| Task description |
Excluding pictures, transcribe precisely the lines from the one containing "Crossfire 2023 4k" to the final line of the listing below, inclusive, and nothing more.

| Data extract |
· · · ·

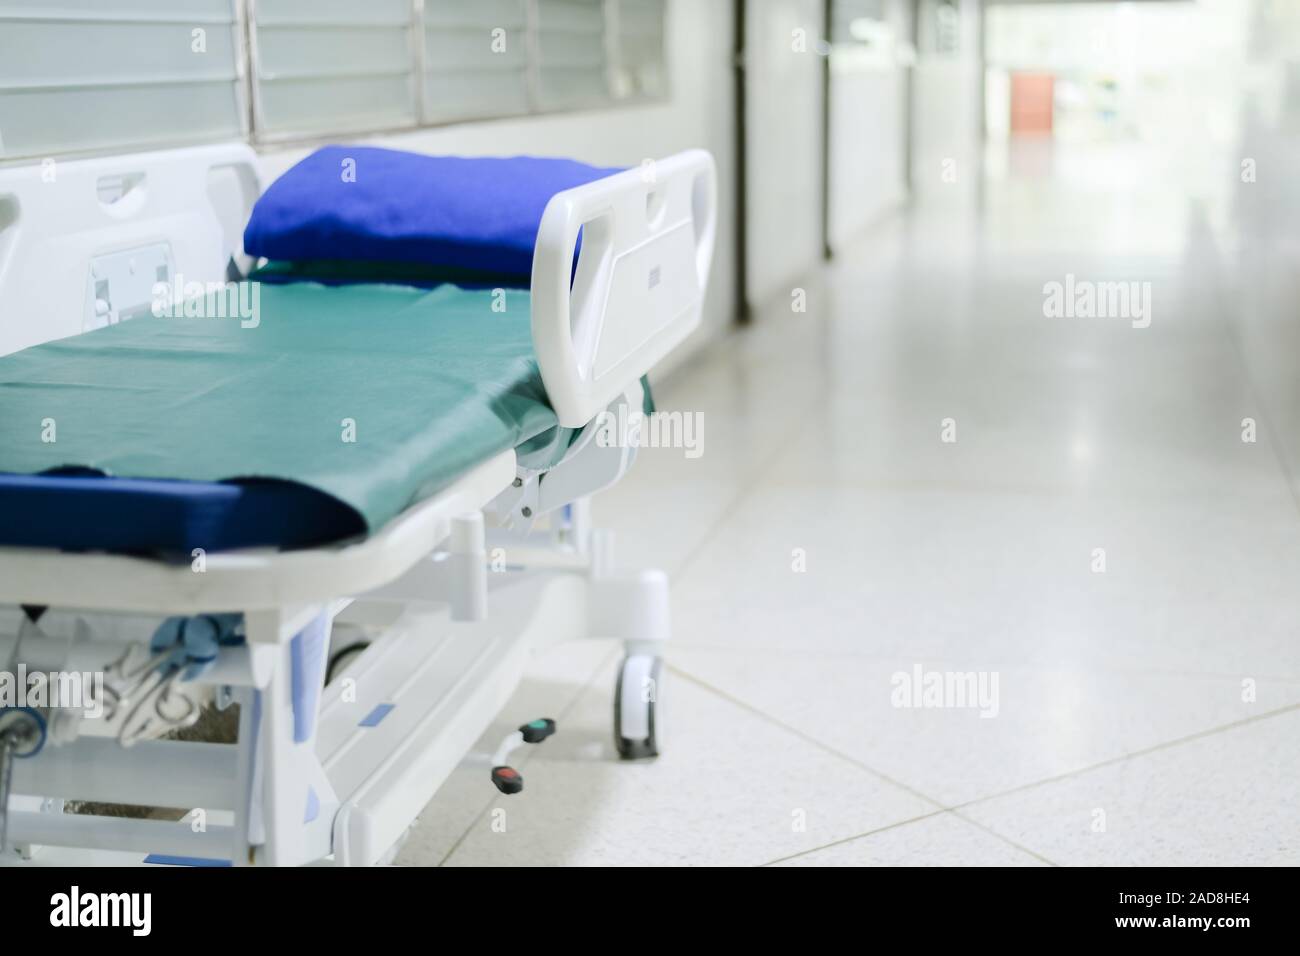 Blurred Of Medicine Shelf In The Hospital Stock Photo, Picture and Royalty  Free Image. Image 78013599.
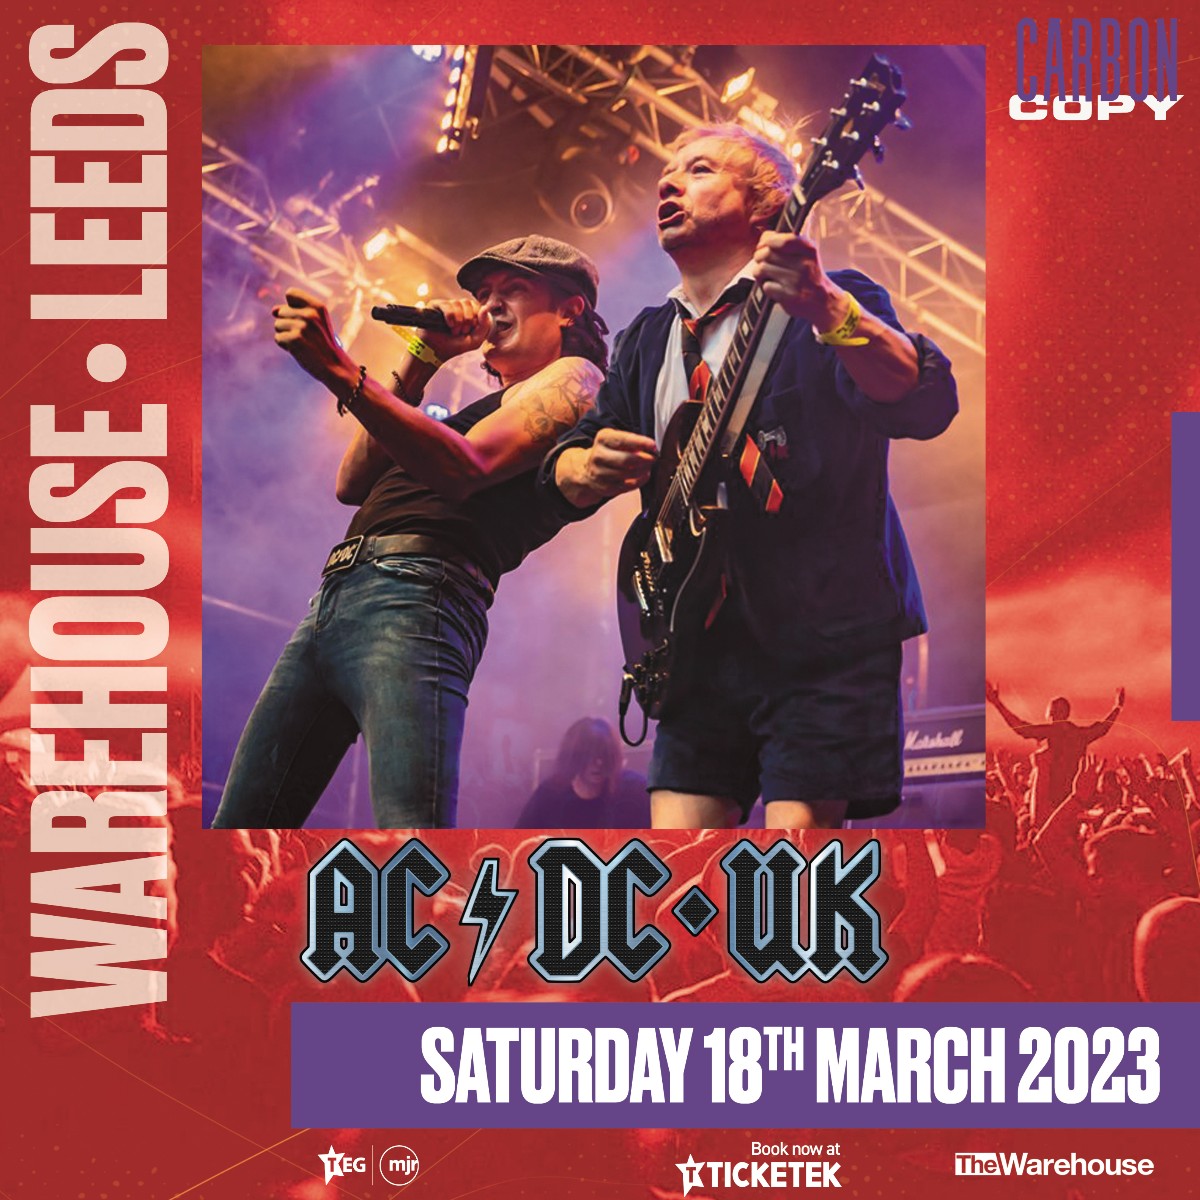 ON SALE NOW | AC/DC UK | 18/3/23 🎟Tickets: bit.ly/ACDCUK23 Don't miss the chance to see one of Europe's most popular and exciting tribute 🎸
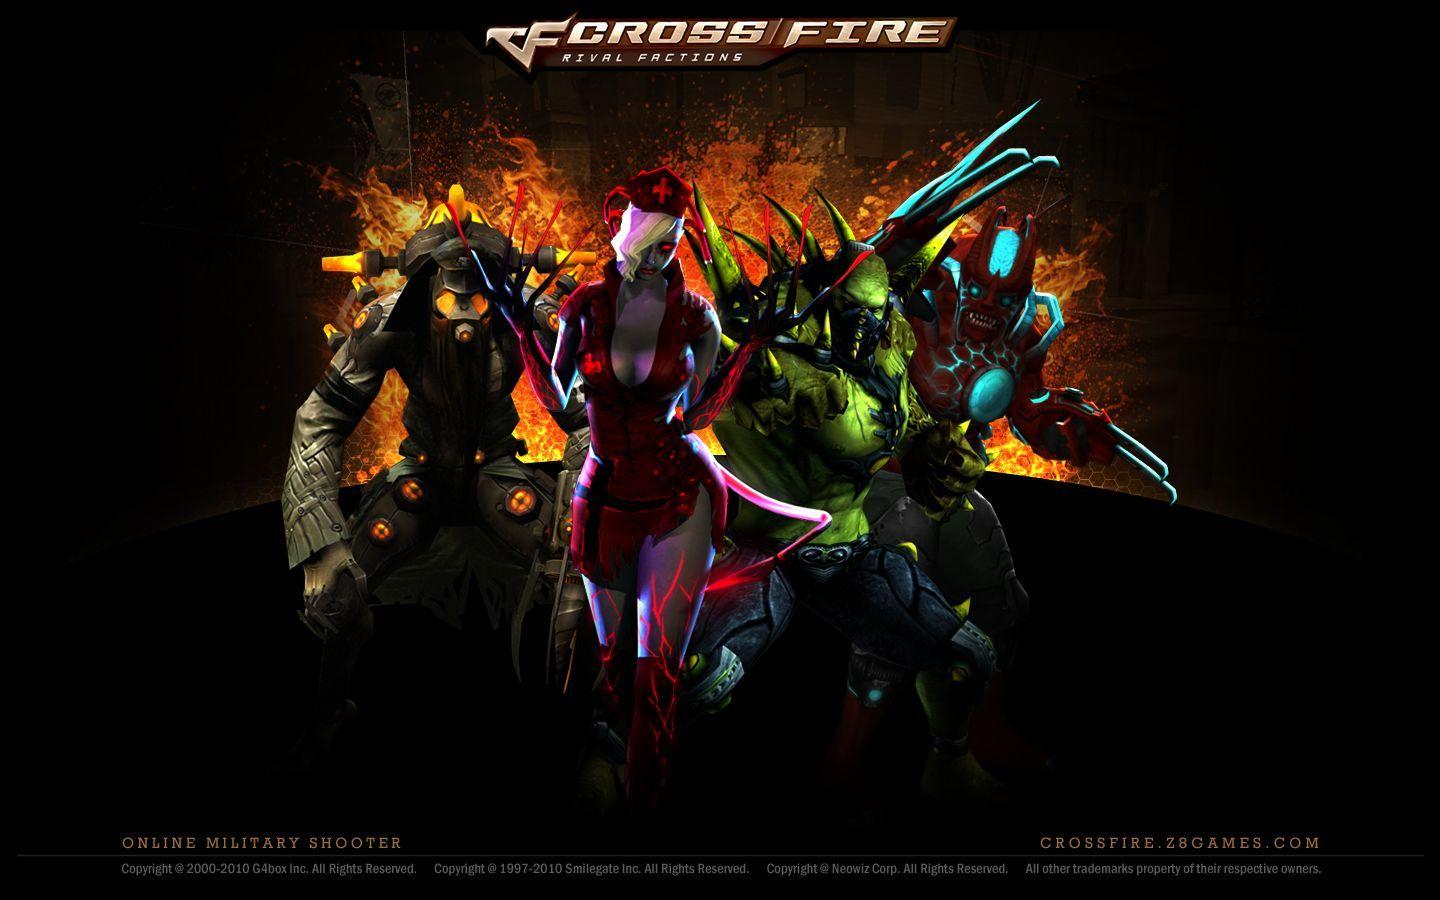 Crossfire 2023 4k Wallpaper,HD Games Wallpapers,4k Wallpapers,Images, Backgrounds,Photos and Pictures
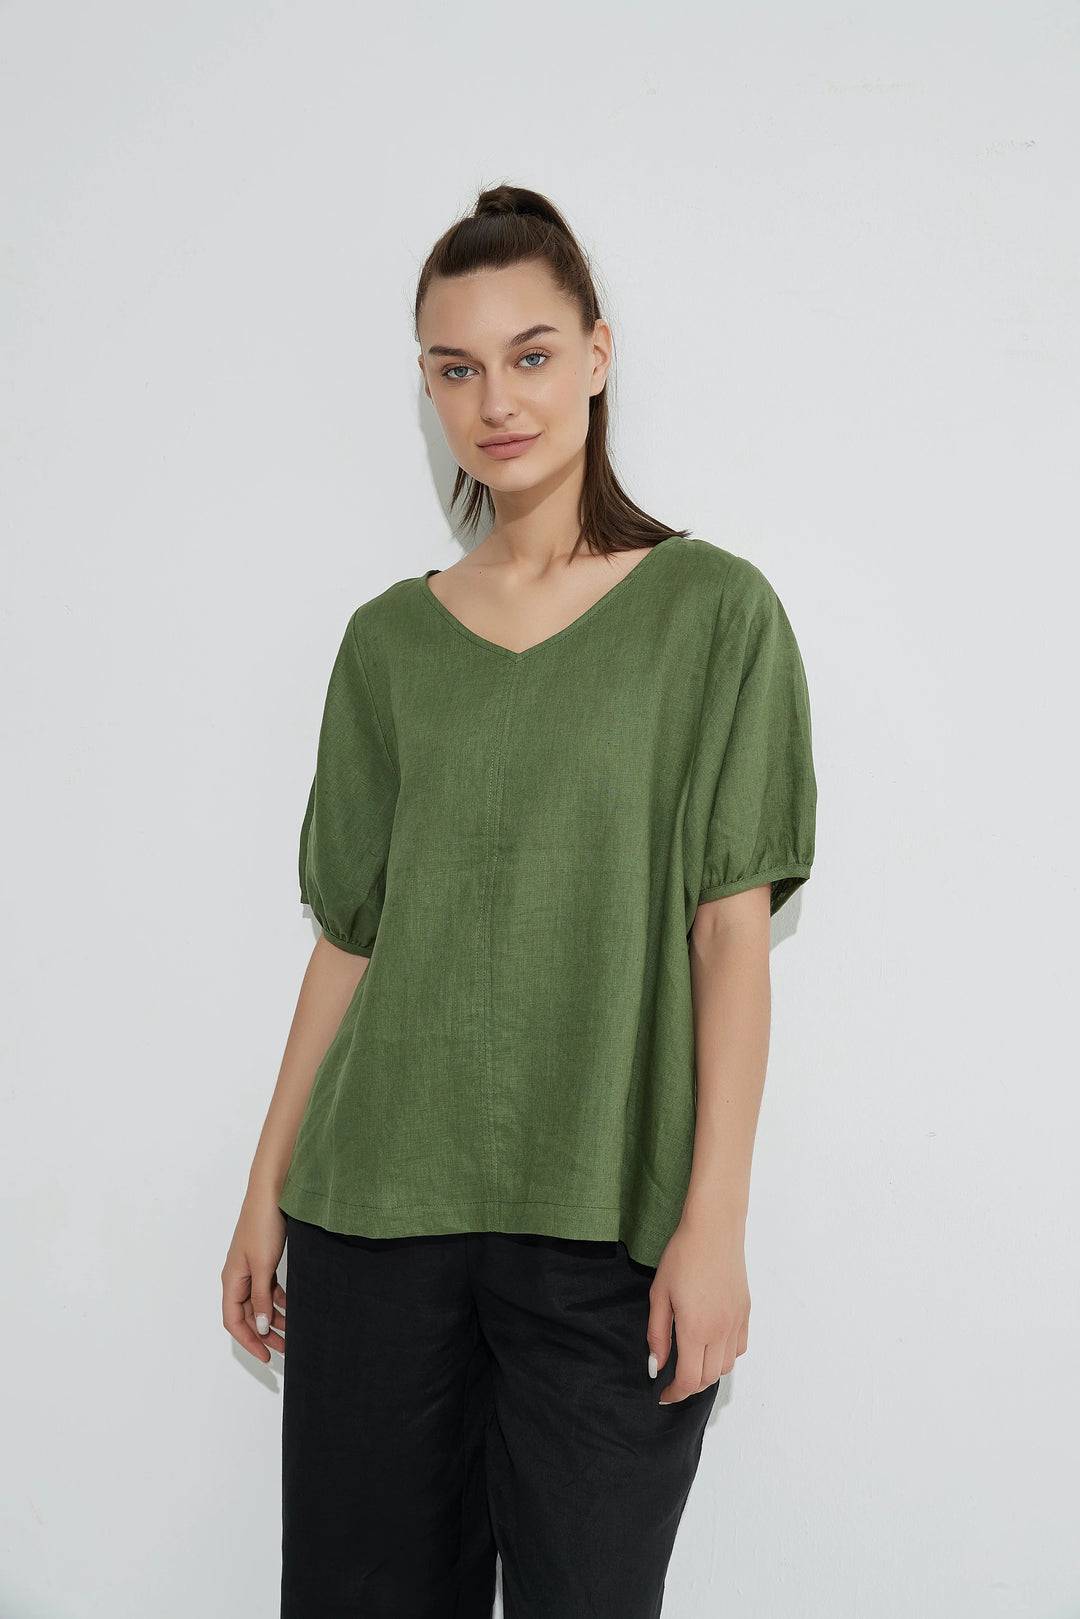 Foil 2394 Bishop Sleeve Tee Green Front Lifestyle | Dotique

· · · ·

| Finished task |
 Crossfire 2023 4k Wallpaper,HD Games Wallpapers,4k Wallpapers,Images, Backgrounds,Photos and Pictures
 Foil 2394 Bishop Sleeve Tee Green Front Lifestyle | Dotique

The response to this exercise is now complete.